A hypercube has four dimensions but a display screen has only two. It is therefore convenient to stipulate that the first two dimensions, or coordinates, of the hypercube correspond to the screen coordinates. The simplest method for dealing with the third and fourth dimensions of the hypercube is to ignore them. The display technique I shall describe does just that, but it can be enhanced and the resulting object can be projected in nearly demonic complexity-by making both the third and fourth dimensions somewhat more apparent.

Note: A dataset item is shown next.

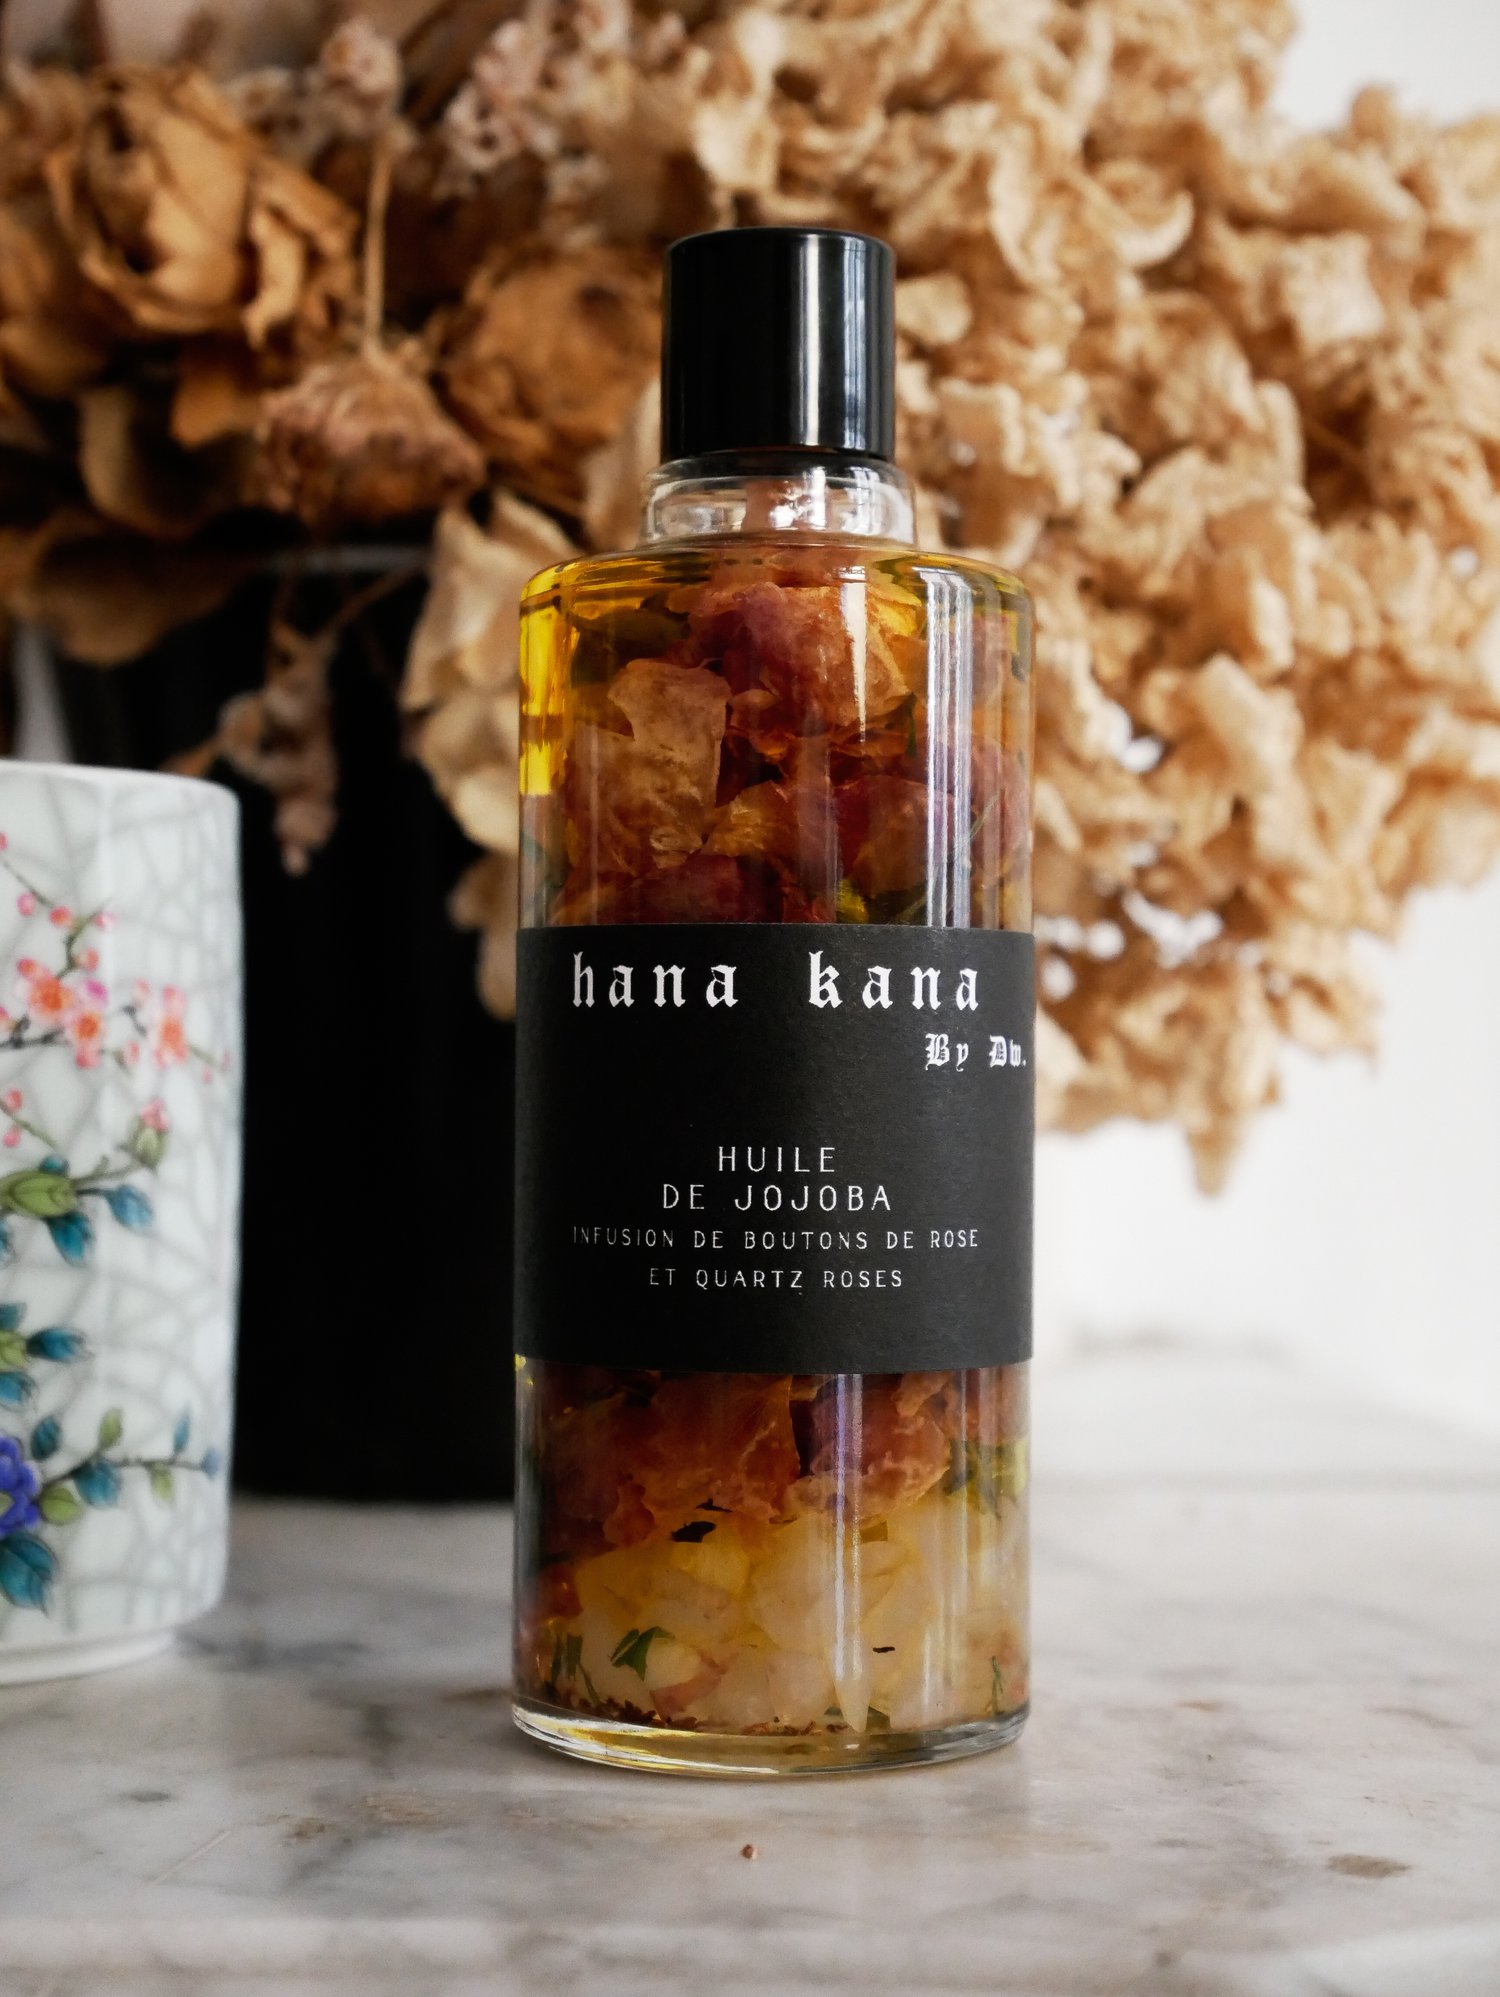 huile de jojoba aux boutons de rose et quartz rose — Hana Kana

To display a skeletal version of the hypercube, the program need only display its edges. Since the hypercube has 32 edges, the display section of HYPERCUBE need only draw the appropriate lines between 32 pairs of vertexes. But in what order? There are almost infinitely many possibilities, and so the answer is perhaps a matter of aesthetic and personal choice. Nevertheless, it is hard to resist drawing the edges as an Euler trail, after the mathematician Leonhard Euler. A pencil can trace such a trail on paper without being lifted from the paper and without tracing any line more than once. Consecutive edges of the hypercube drawn as an Euler trail have a common vertex.

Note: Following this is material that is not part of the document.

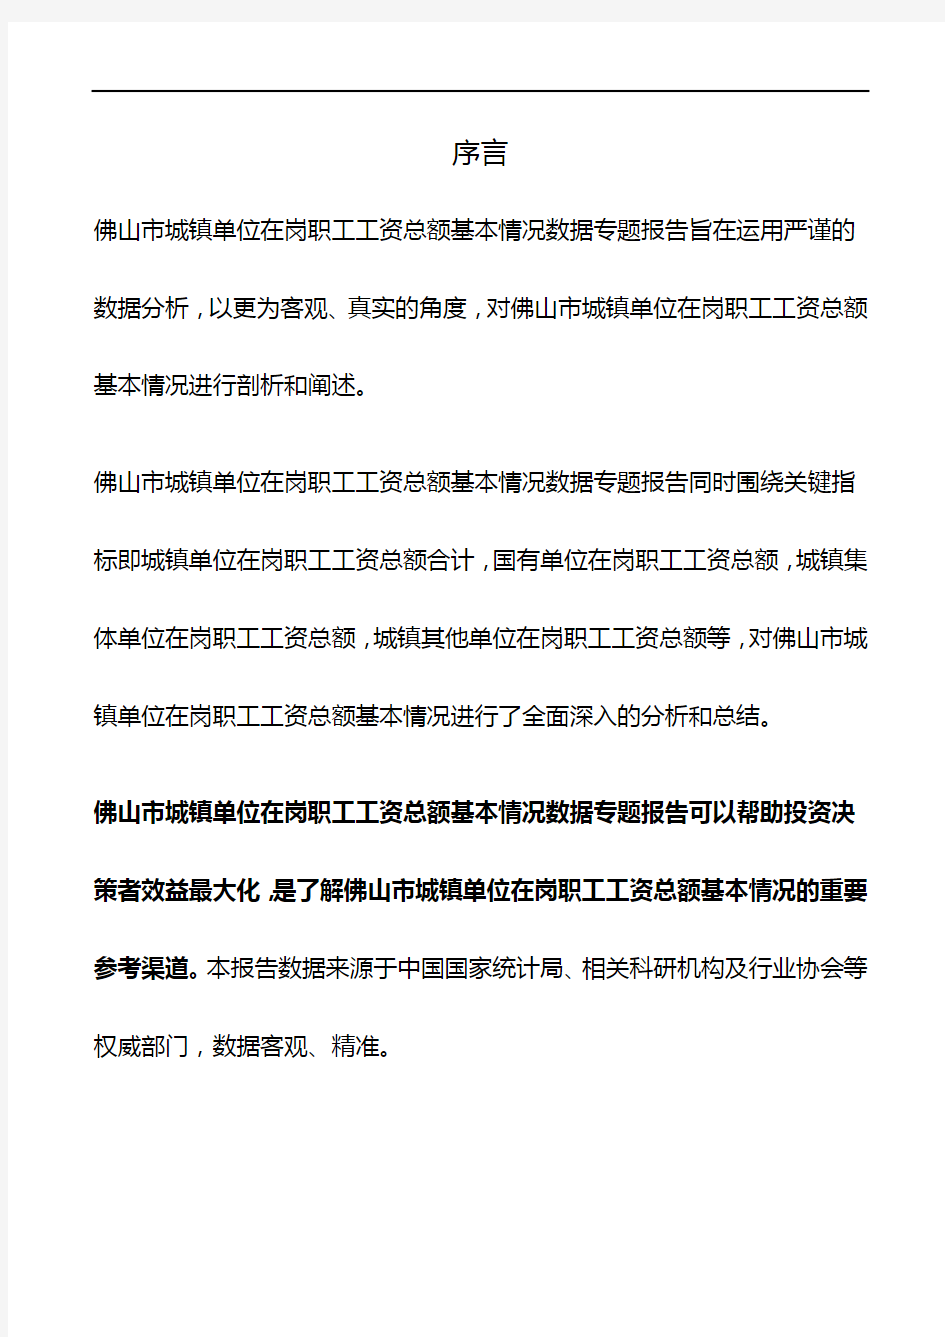 广东省佛山市城镇单位在岗职工工资总额基本情况数据专题报告2019版

Round, through, up and down races the Euler trail as it is drawn through the vertexes. Here is one that strikes me as quite pretty, given by the numbered vertexes of the hypercube connected in the following sequence: 0, 1, 3, 2, 6, 14, 10, 8, 9, 11, 3, 7, 15, 14, 12, 13, 9, 1, 5, 7, 6, 4, 12, 8, 0, 4, 5, 13, 15, 11, 10, 2, 0. These vertexes are stored in an array called trail with index i — the ith vertex in the sequence of 33 vertexes is designated trail(i). For each value of i there are instructions for looking up the first and second coordinates of both trail(i) and trail(i + 1). The line-drawing command in one's programming language must then be invoked to connect the two points, The lookup and the line drawing are embedded in a single loop with index i, which draws a line from each vertex in the sequence to the next.